● **Problem requirements**:
Nothing but the lines from the one with "Download Free Stock Photo of Lighttower" through the end of the listing should be reproduced, each exactly and with pictures omitted.

● **Data segment**:
—————

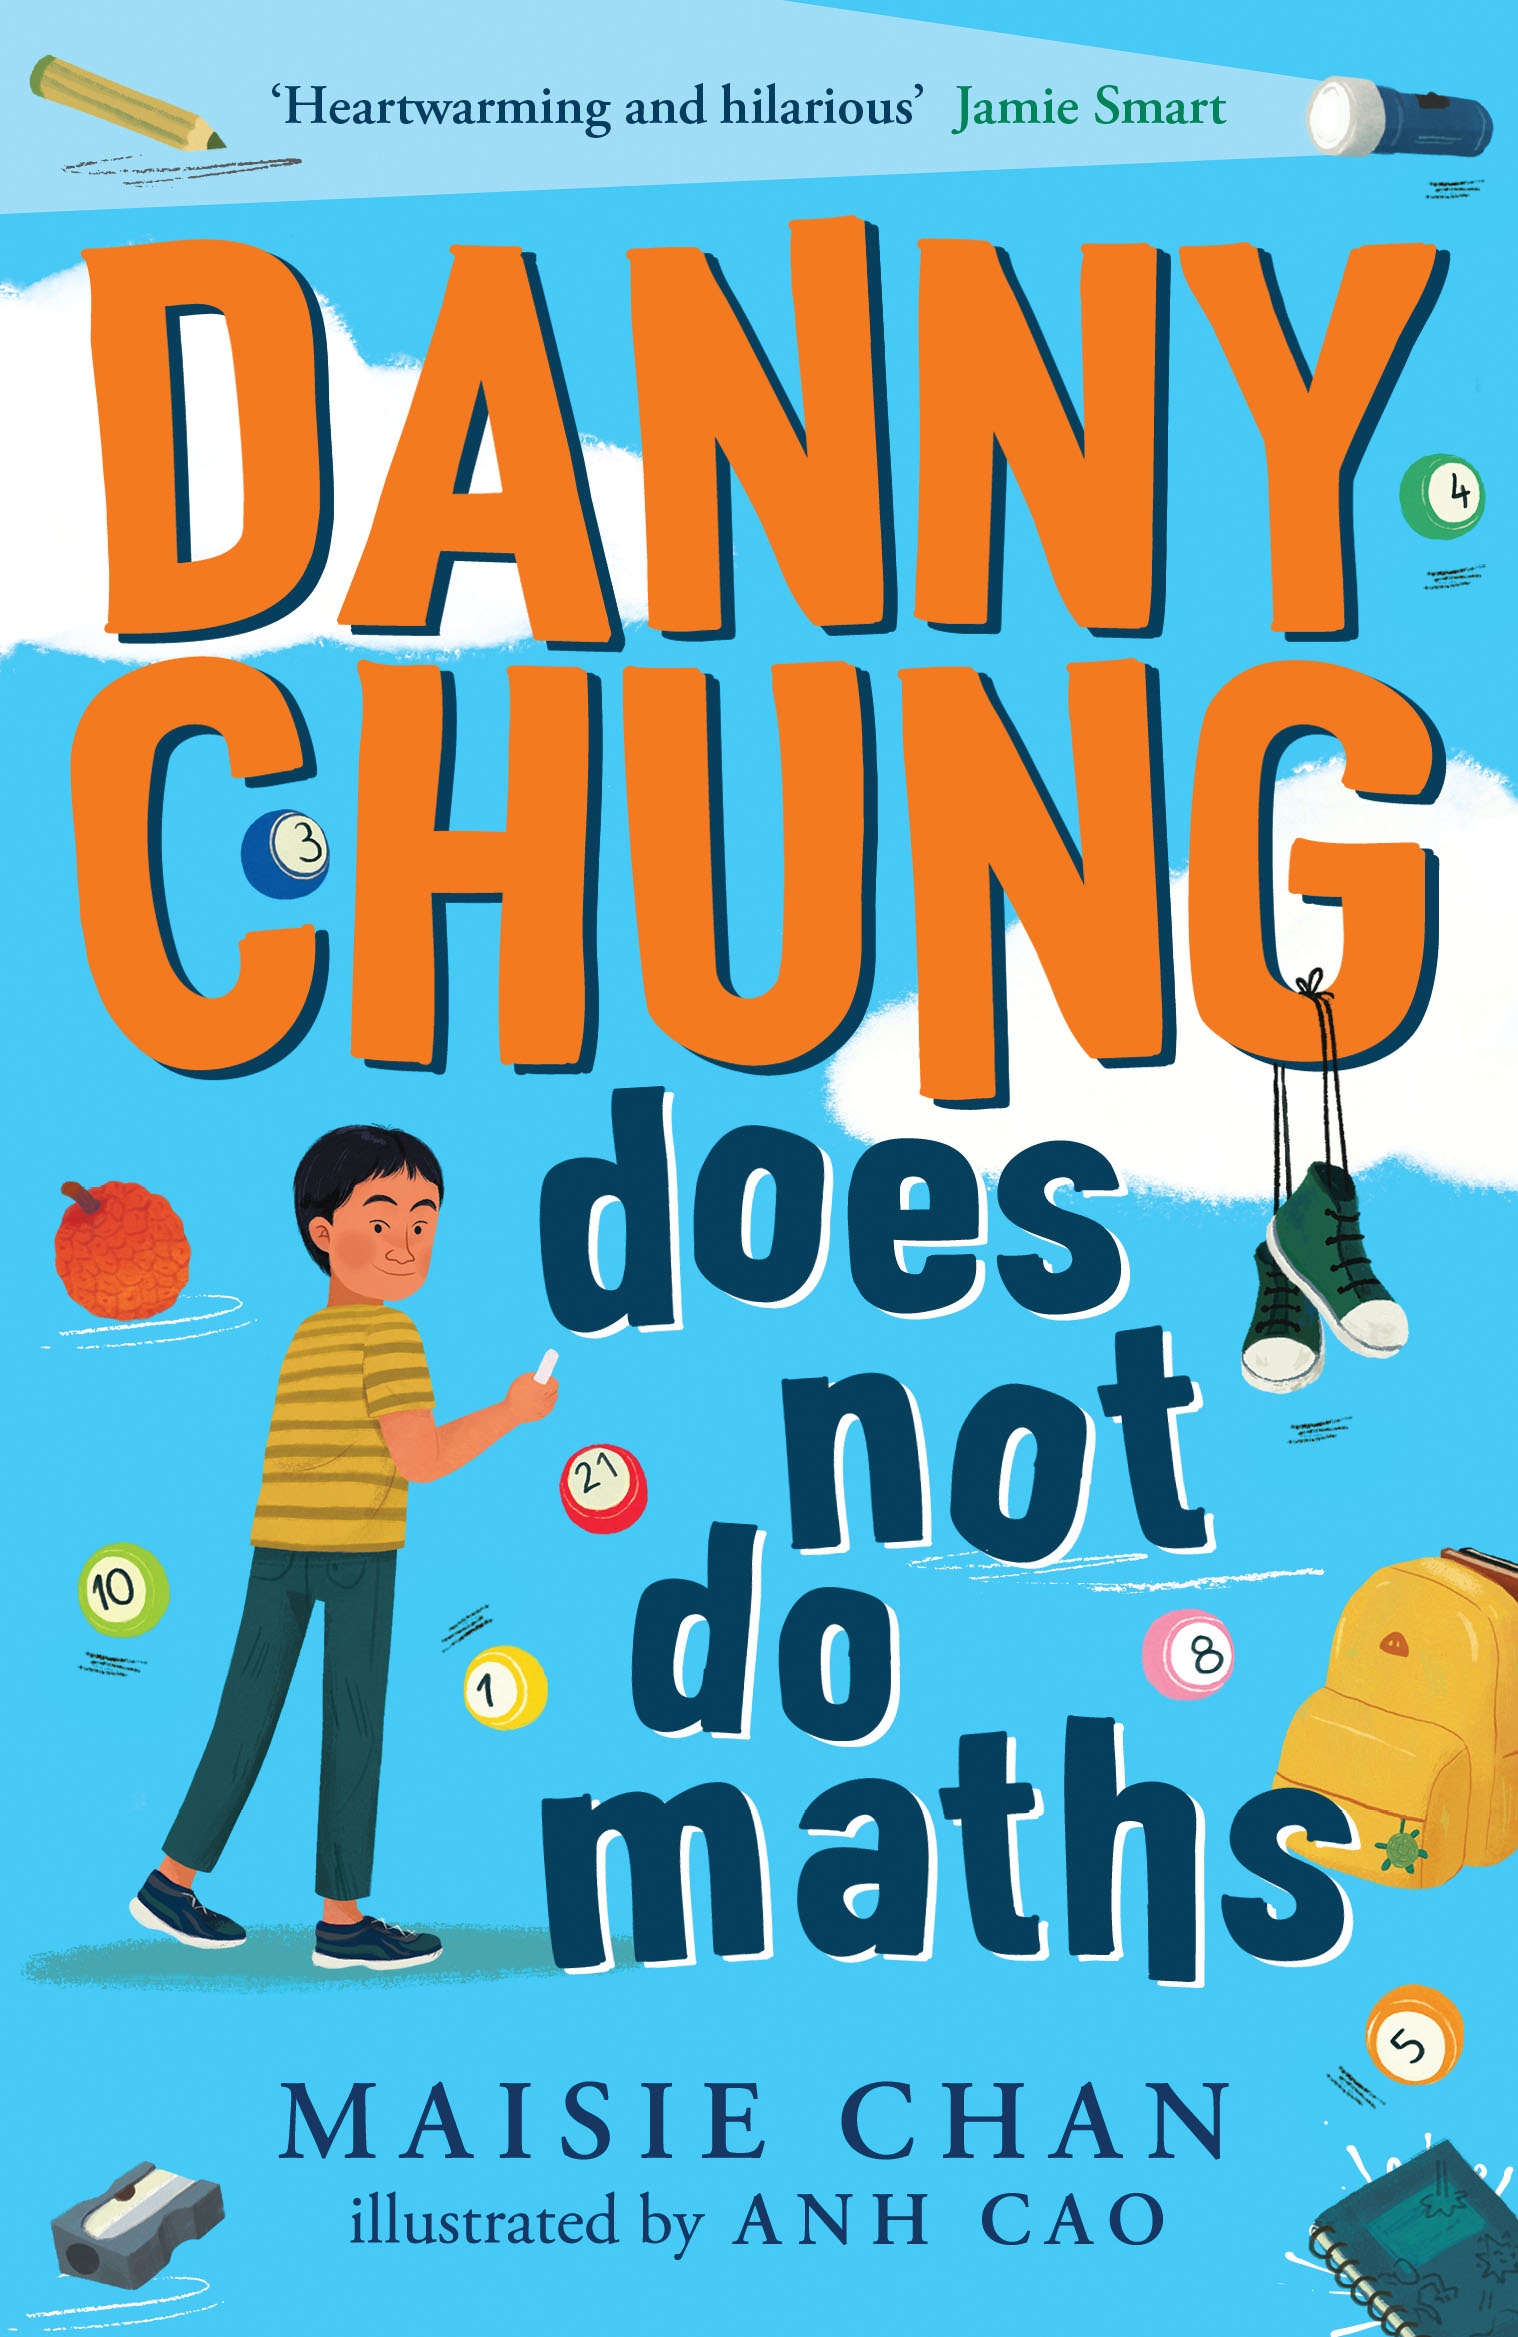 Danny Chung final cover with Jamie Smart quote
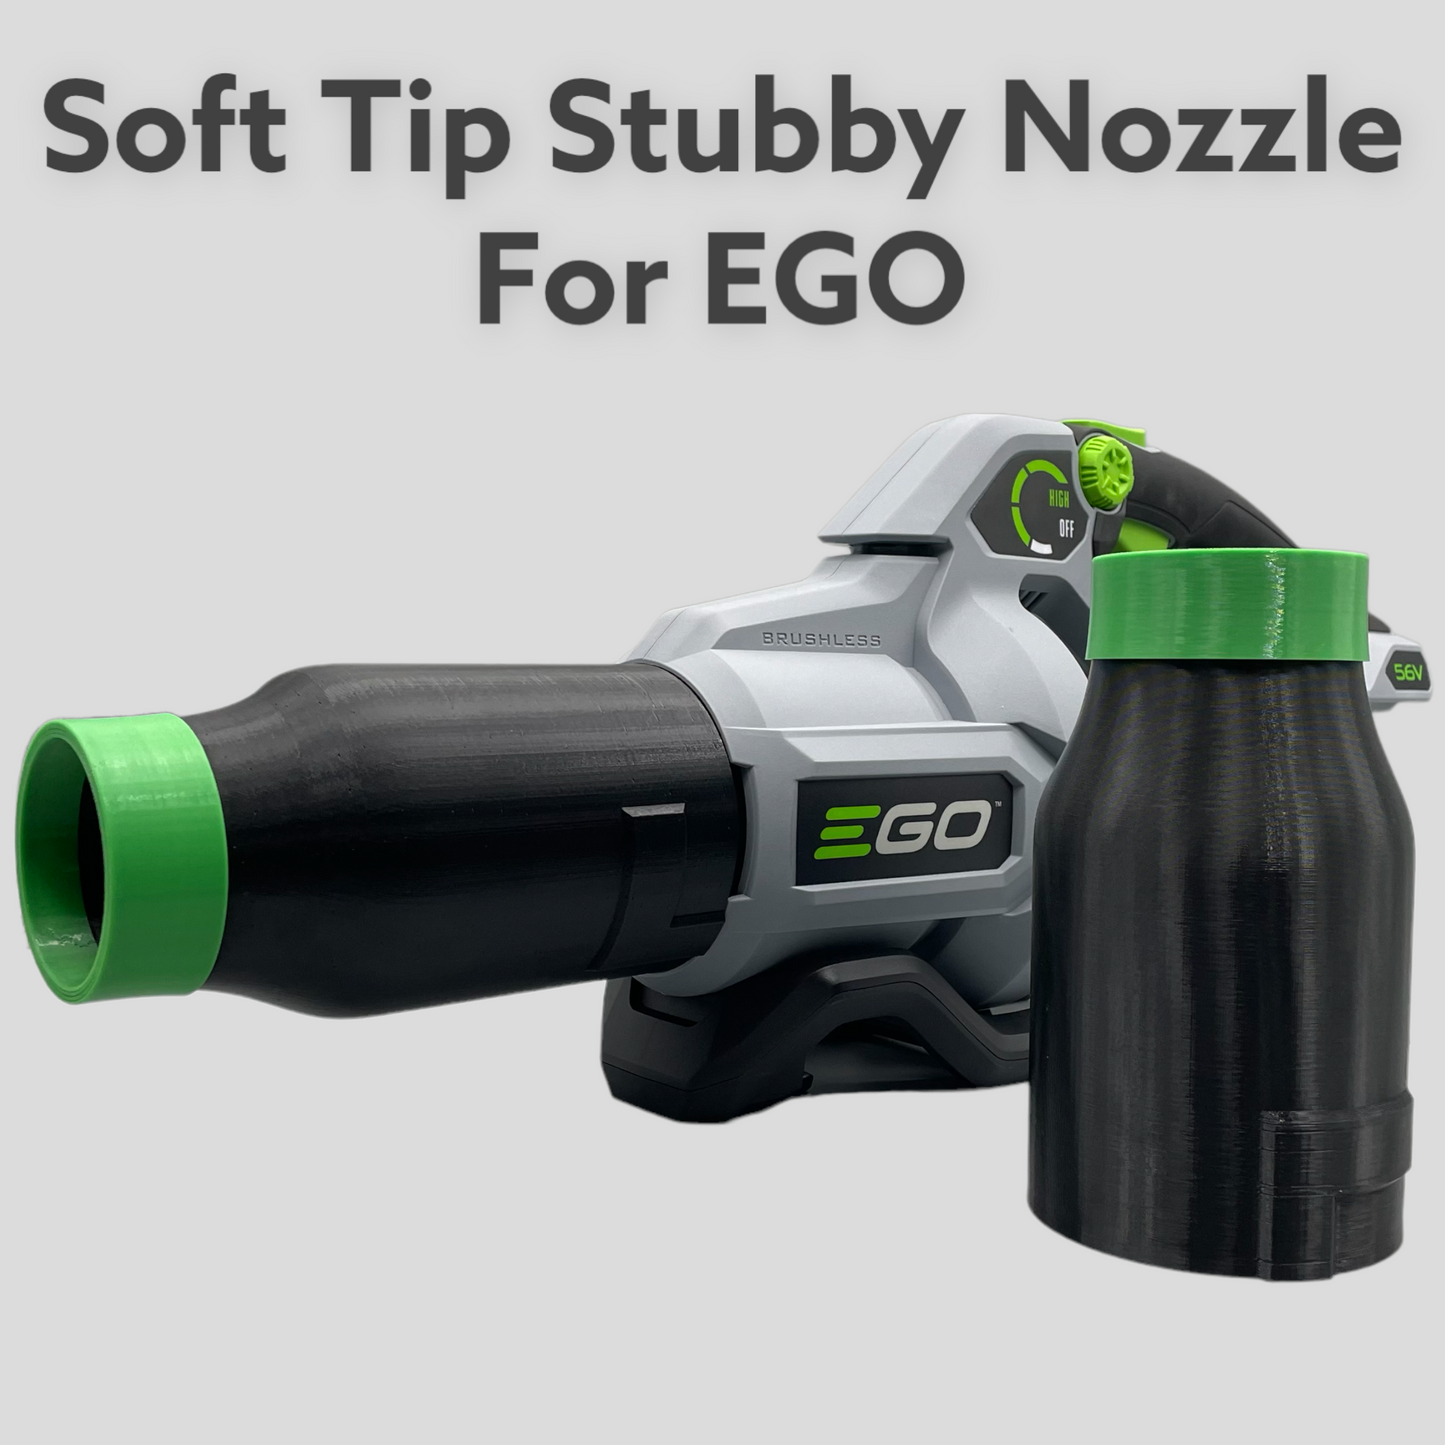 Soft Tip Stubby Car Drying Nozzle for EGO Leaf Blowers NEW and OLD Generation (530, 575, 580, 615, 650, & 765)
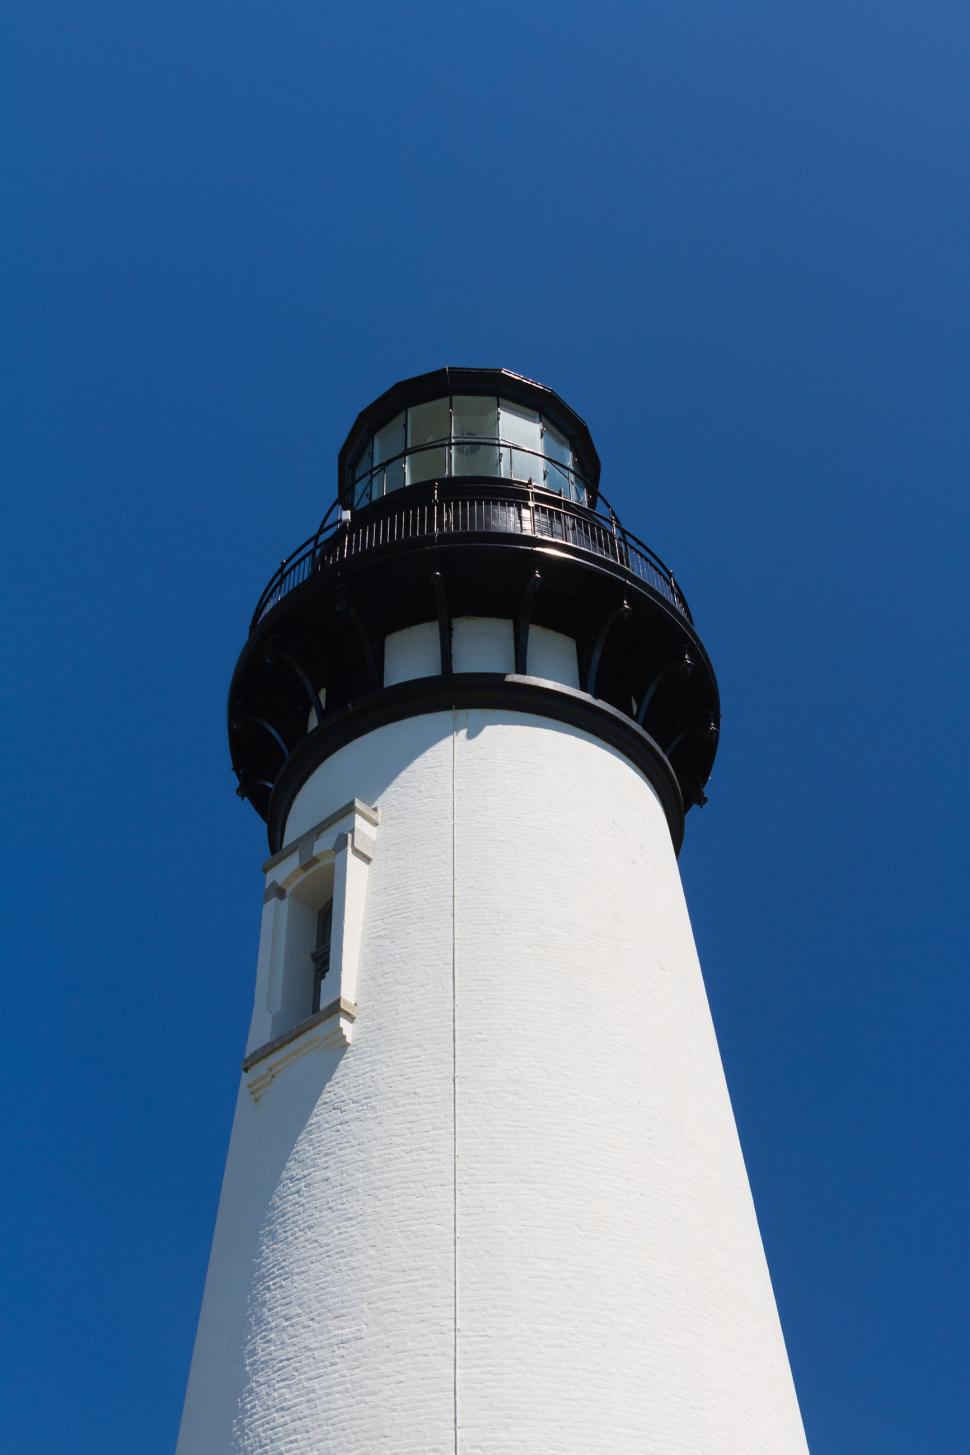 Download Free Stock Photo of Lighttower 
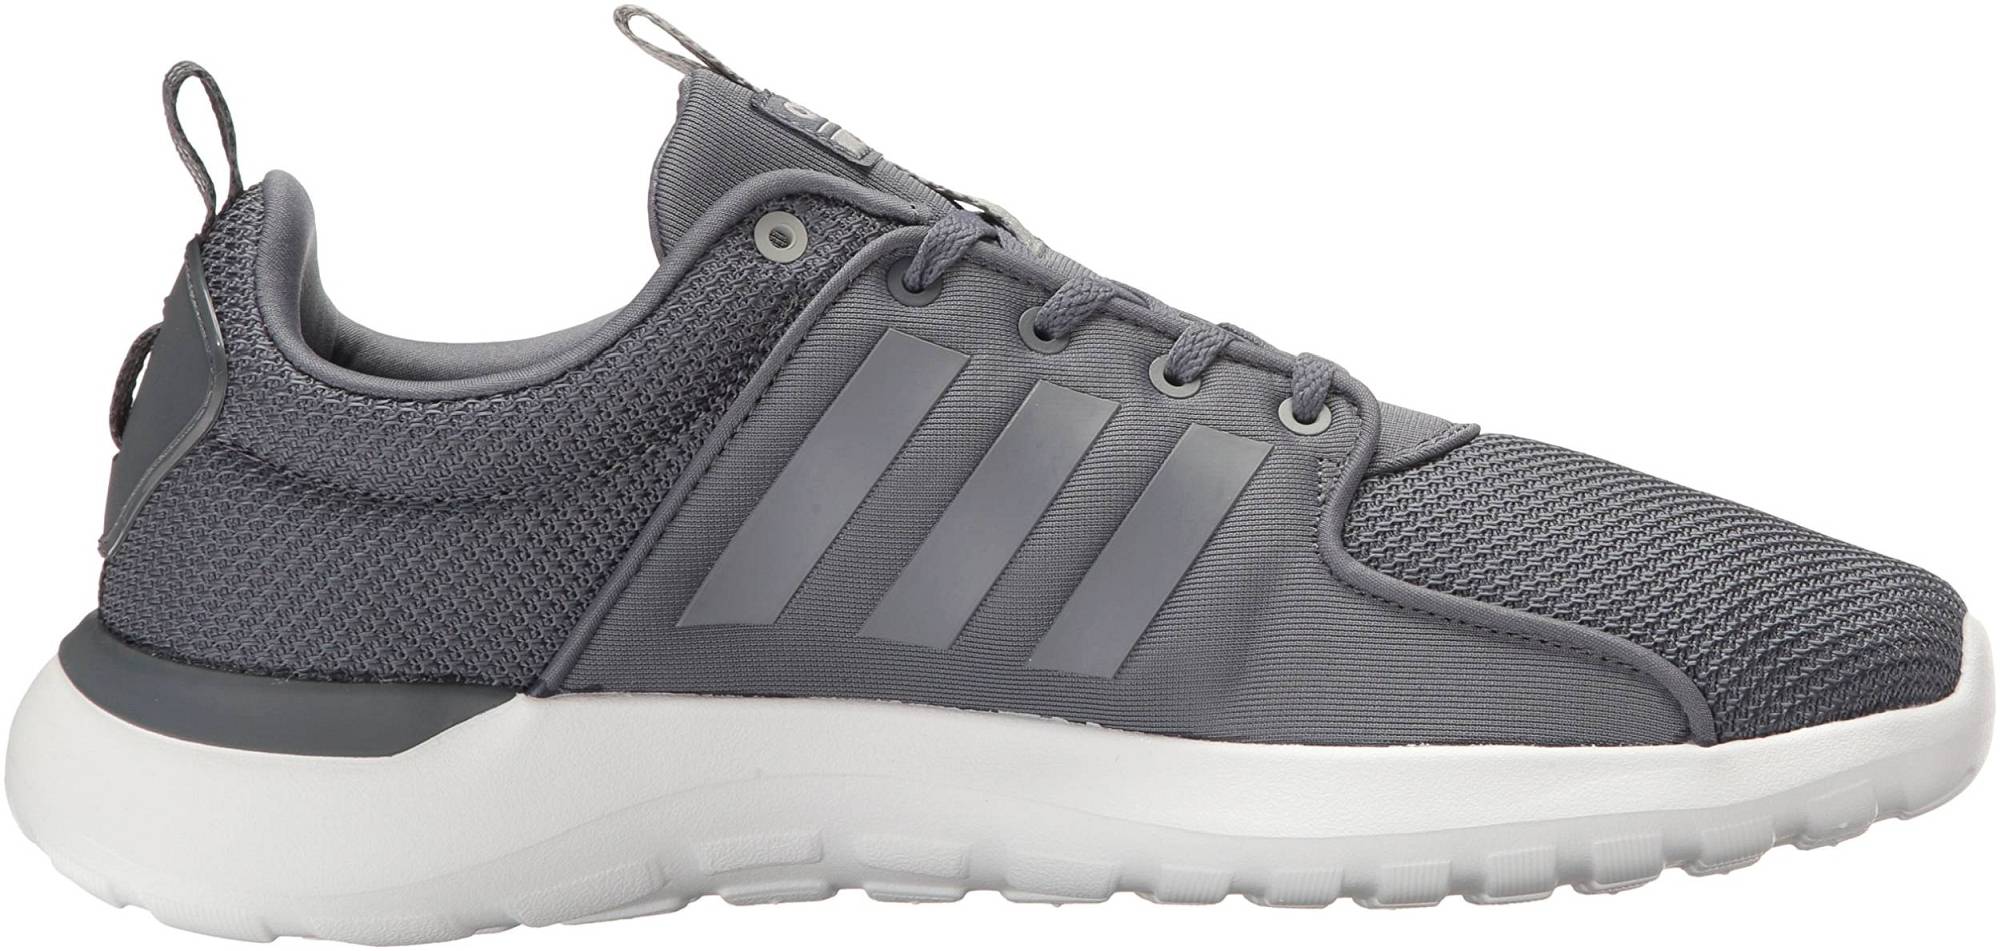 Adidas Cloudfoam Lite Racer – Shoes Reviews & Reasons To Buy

—————

● **Problem solution**:
 Download Free Stock Photo of Lighttower 
 Adidas Cloudfoam Lite Racer – Shoes Reviews & Reasons To Buy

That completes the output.